It seems odd that days after we were told by Goldman Sachs’s CEO, Lloyd Blankfein, that bankers are doing “God’s work”, we are still having active debates about how to regulate these selfless apostles of capitalism.
The latest foray into financial reform comes from the Senate. Senator Christopher Dodd will propose creating a single U.S. regulator that would strip the Federal Reserve and Federal Deposit Insurance Corp. of bank- supervision authority, according to a report from Bloomberg. Dodd, according to the Bloomberg report, has faulted the U.S. bank regulation system, saying “it encourages charter shopping and a ‘race to the bottom’ by agencies to win oversight roles.” Bloomberg notes that “his proposal goes further than proposals by President Barack Obama and House Financial Services Committee Chairman Barney Frank to merge the OTS and OCC.”

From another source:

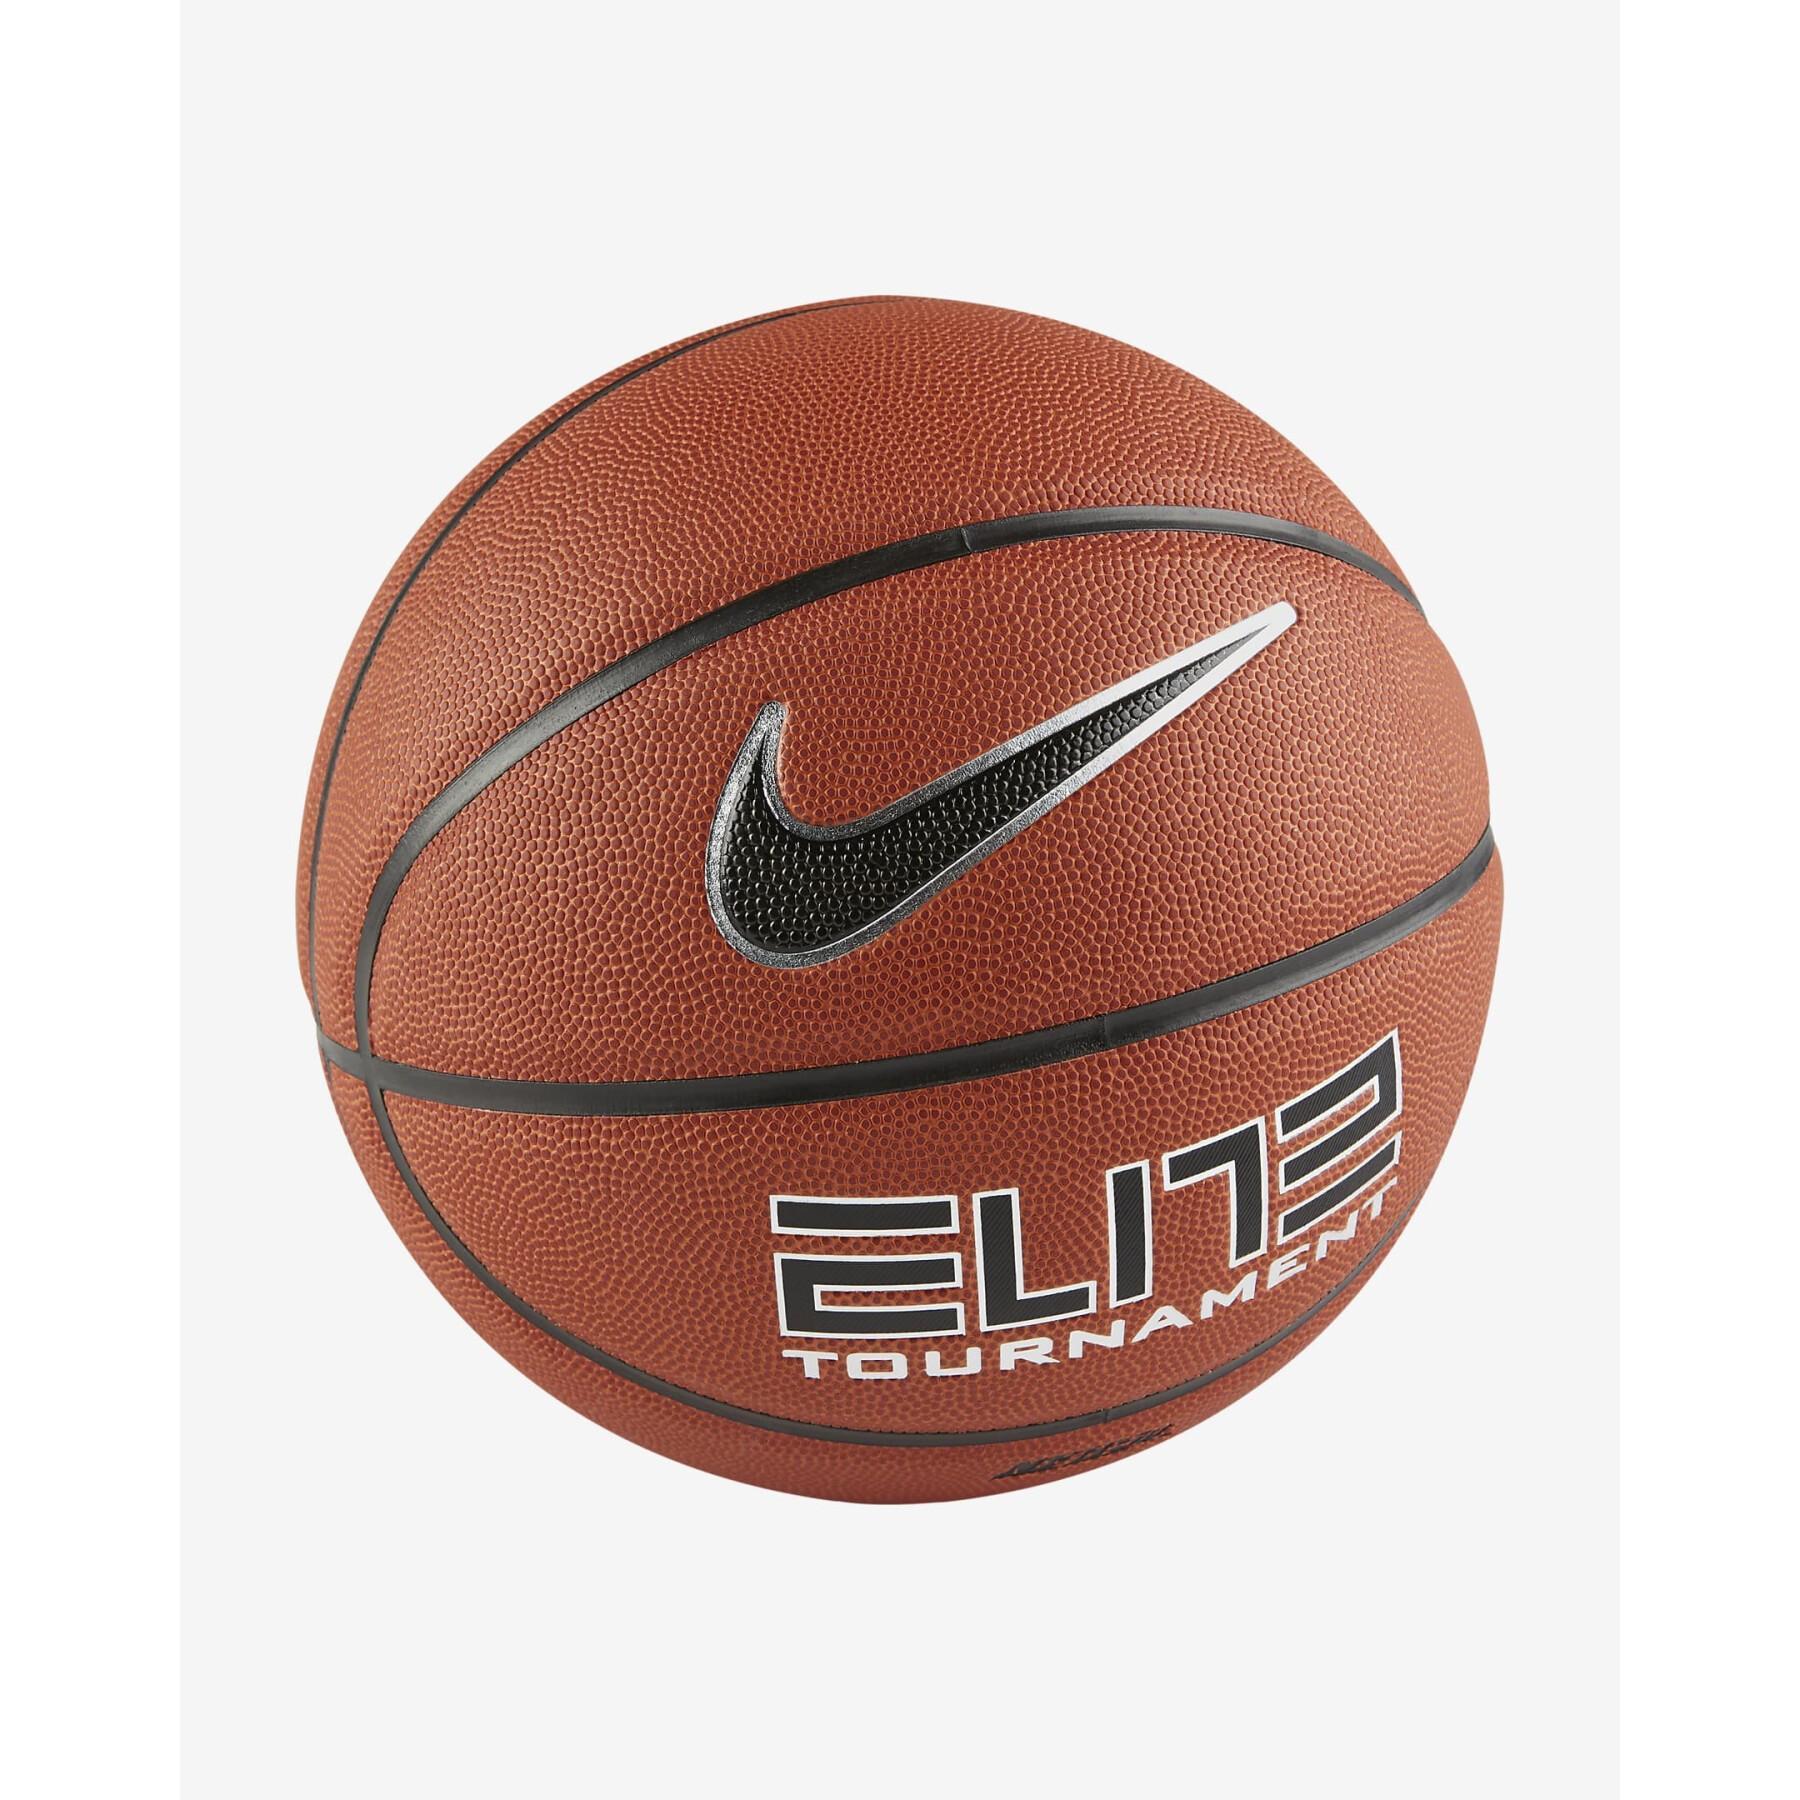 Ballong Nike elite tournament 8p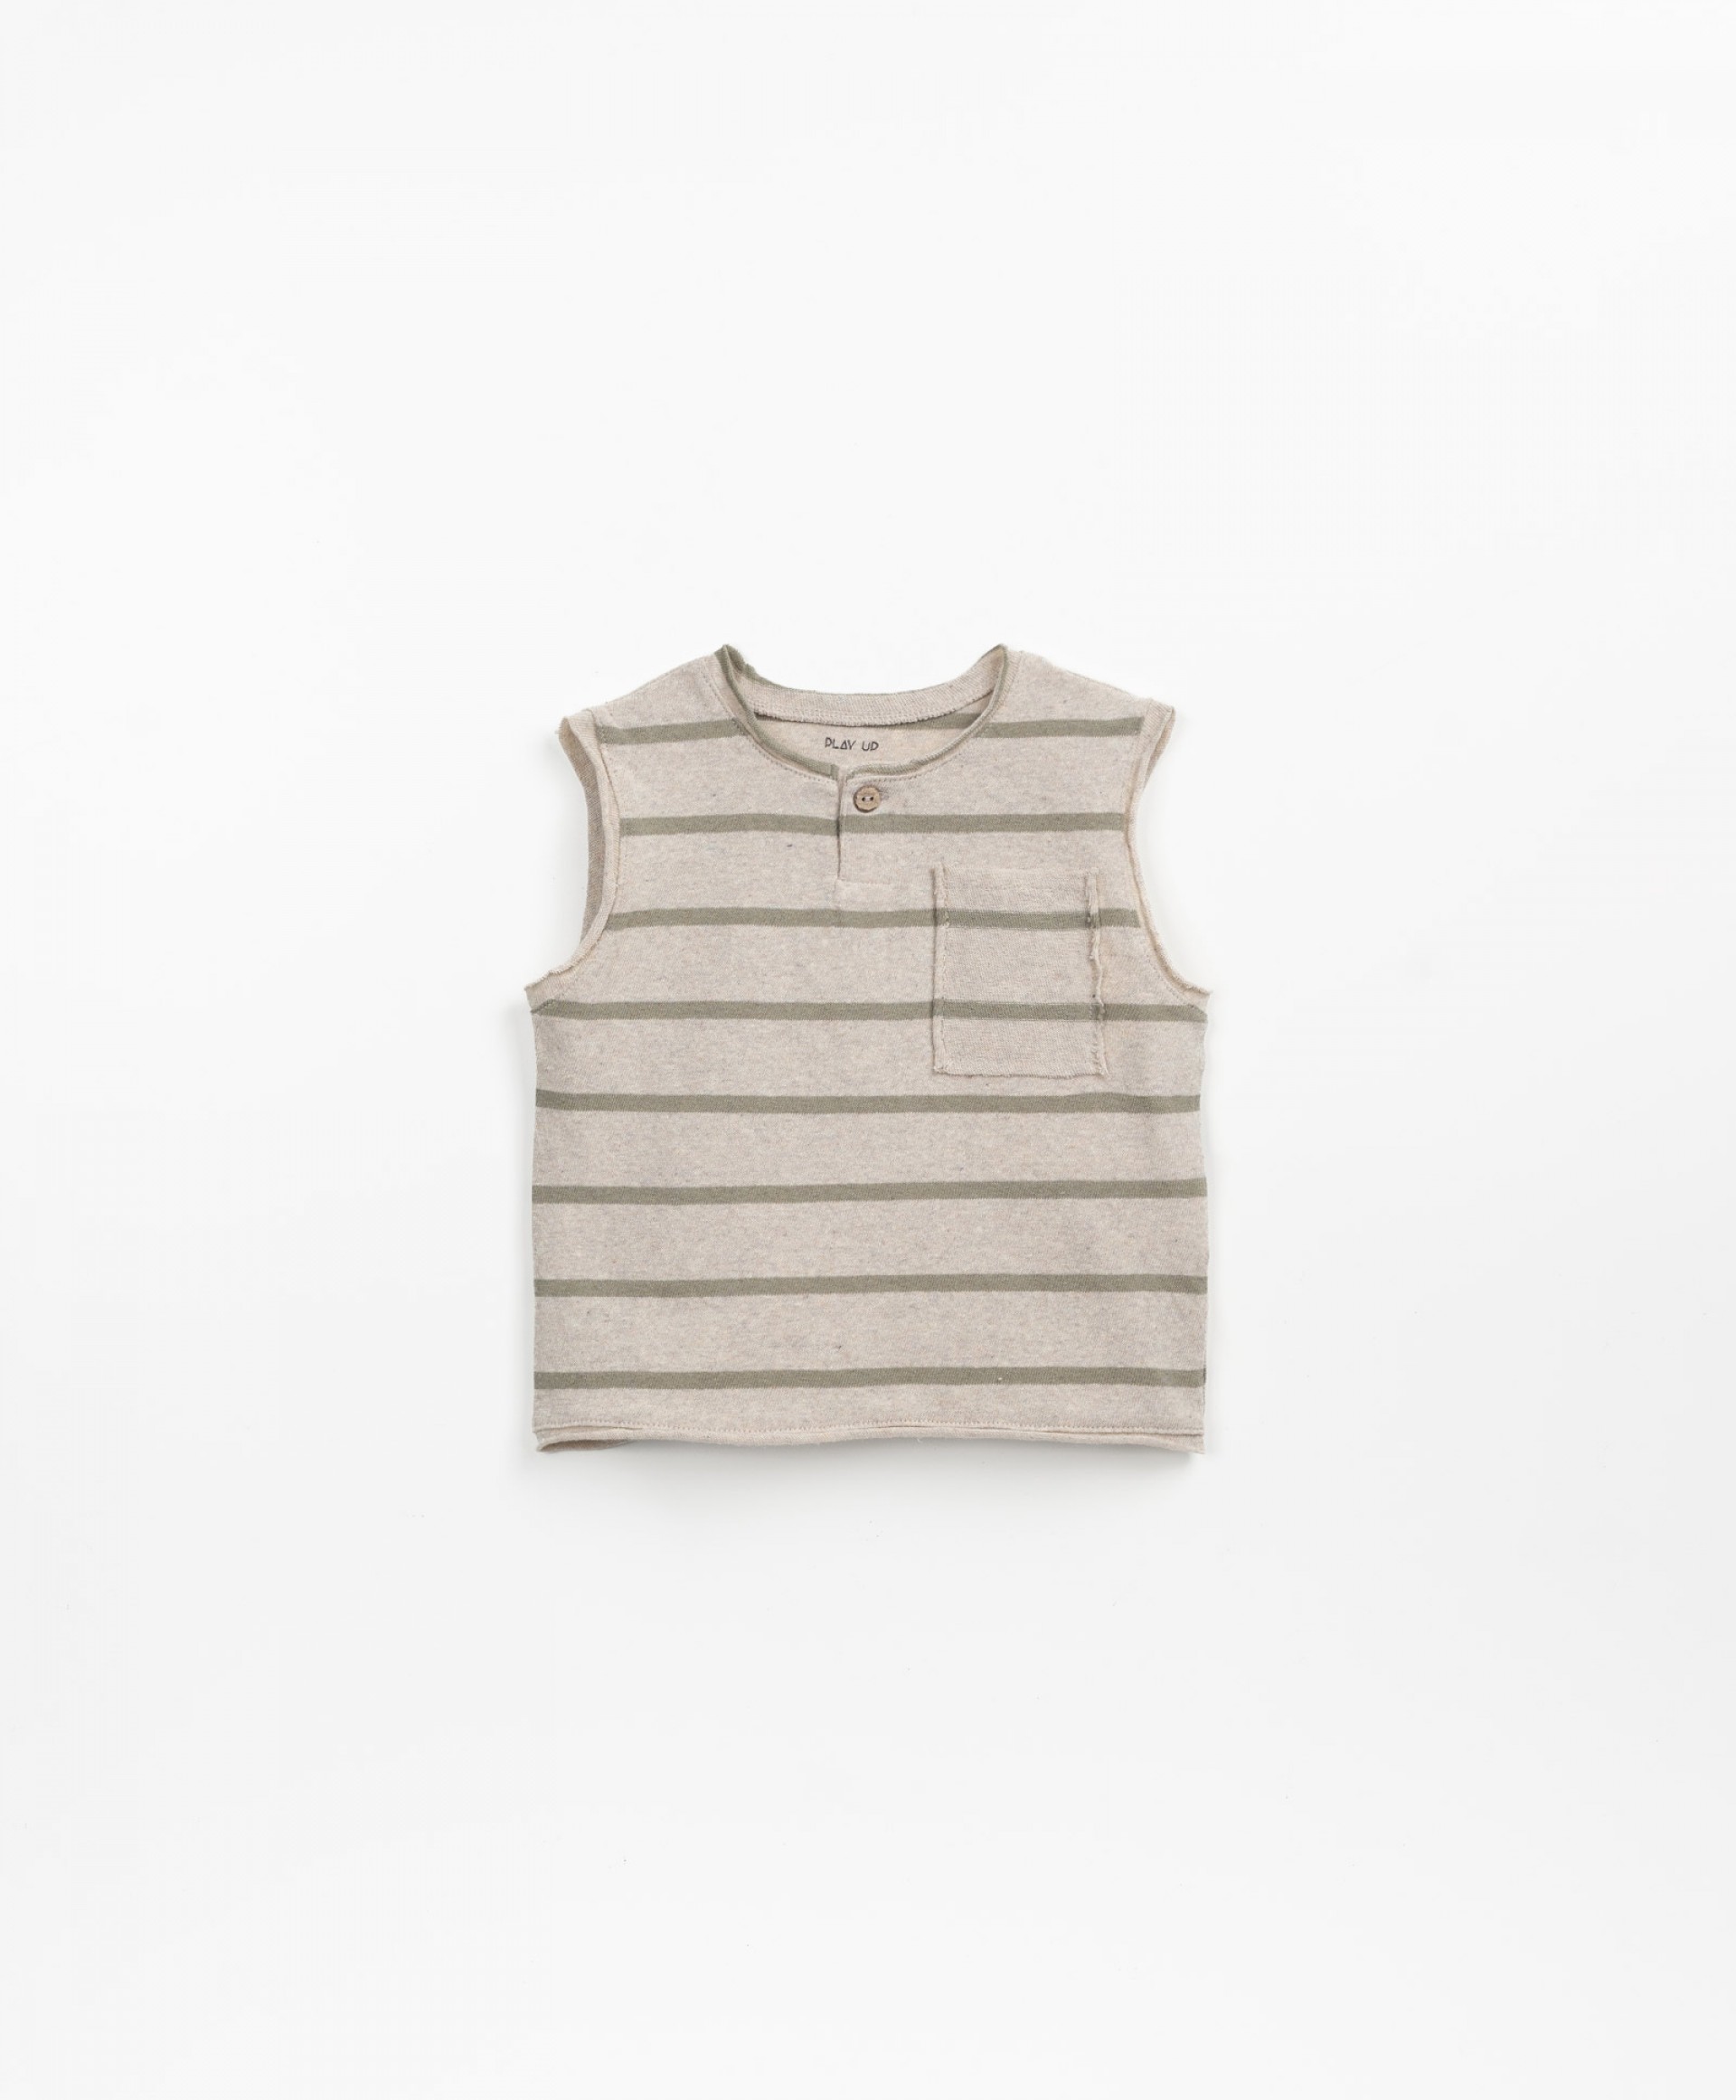 Camiseta sin mangas con fibras recicladas | Textile Art

Certainly, almost anything is an improvement over the abomination that came out of Barney Frank’s committee. But we feel that the ‘race to the regulatory bottom’ could easily be solved via a simple mechanism: If you don’t fall in line with our regulatory requirements, you’re simply denied a banking license to operate in this country. Problem solved. The United States is the biggest banking market in the world. Do you think any major bank would willingly vacate this market?
And even if the “too big to fail” behemoths decided to transplant a bunch of their operations elsewhere, the country would still be left with thousands of community banks which could fill the void and better fulfill the public purpose described by Mr Blankfein: namely, to “help companies to grow by helping them to raise capital”, rather than extracting their pound of flesh via grotesquely high financial intermediary fees, as is the case today.
We have argued before on New Deal 2.0 that the FDIC is best suited to carry on the role of chief systemic regulator, given its role as deposit insurer. That regulator has the best institutional incentives to be concerned with systemic risk and to be a vigorous regulator. It should be the least subject to regulatory capture (a pervasive problem at the Fed, which is full of quant economists who have virtually no interaction with other Fed examiners).
But WHO controls the banks is ultimately less important than HOW we control the banks’ activities. Oversight is all very nice, but at times it pays to get back to first principles. What on earth is the public purpose of these things?
Banks are set up and supported by government for the further benefit of the macro economy via providing a payments system and lending in a way that is specifically defined by regulators. Newsflash: the public purpose of banking is NOT to provide profits per se to shareholders. Rather, the provision of the ability to earn profits is only a tool used to support the attendant public purpose. Banks should only be allowed to lend directly to borrowers, and then service and keep those loans on their own balance sheets. There is no further public purpose served by selling loans or other financial assets to third parties, but there are substantial real costs to government in regulating and supervising those activities. There are severe consequences for failure to adequately regulate and supervise those secondary market activities as well.
Banks should be prohibited from engaging in any secondary market activity because it serves no public purpose and may result in severe social costs in the case of regulatory and supervisory lapses. Some argue that these areas might be profitable for the banks, but this is not a reason to extend government sponsored enterprises into those areas. Therefore, banks should not be allowed to buy (or sell) credit default insurance. The public purpose of banking as a public/private partnership is to allow the private sector to price risk, rather than have the public sector pricing risk through publicly owned banks.
If a bank instead relies on credit default insurance, then it is transferring that pricing of risk to a third party, which is counter to the public purpose of the current public/private banking system. Banks should not be allowed to engage in proprietary trading or any profit-making ventures beyond basic lending. If the public sector wants to venture out of banking for some presumed public purpose it can be done through other outlets.
If the activities of the banks are not facilitating the production and movement of real goods and services what public purpose do they serve? It is clear they have made a small number of people fabulously wealthy. It is also clear that they have damaged the prospects for disadvantaged workers in many parts of the world.
It’s more obvious to all of us now that when the system comes unstuck through the complexity of these transactions and the impossibility of correctly pricing risk, the real economies across the globe suffer. The consequences have been devastating in terms of lost employment and income and lost wealth.
All governments should sign an agreement which would make all financial transactions that cannot be shown to facilitate funding for real goods and services illegal. Simple as that. When we keep these principles at the front of the argument, we can see that what Senator Dodd and Congressman Frank are arguing about is akin to how to rearrange the deck chairs on the Titanic.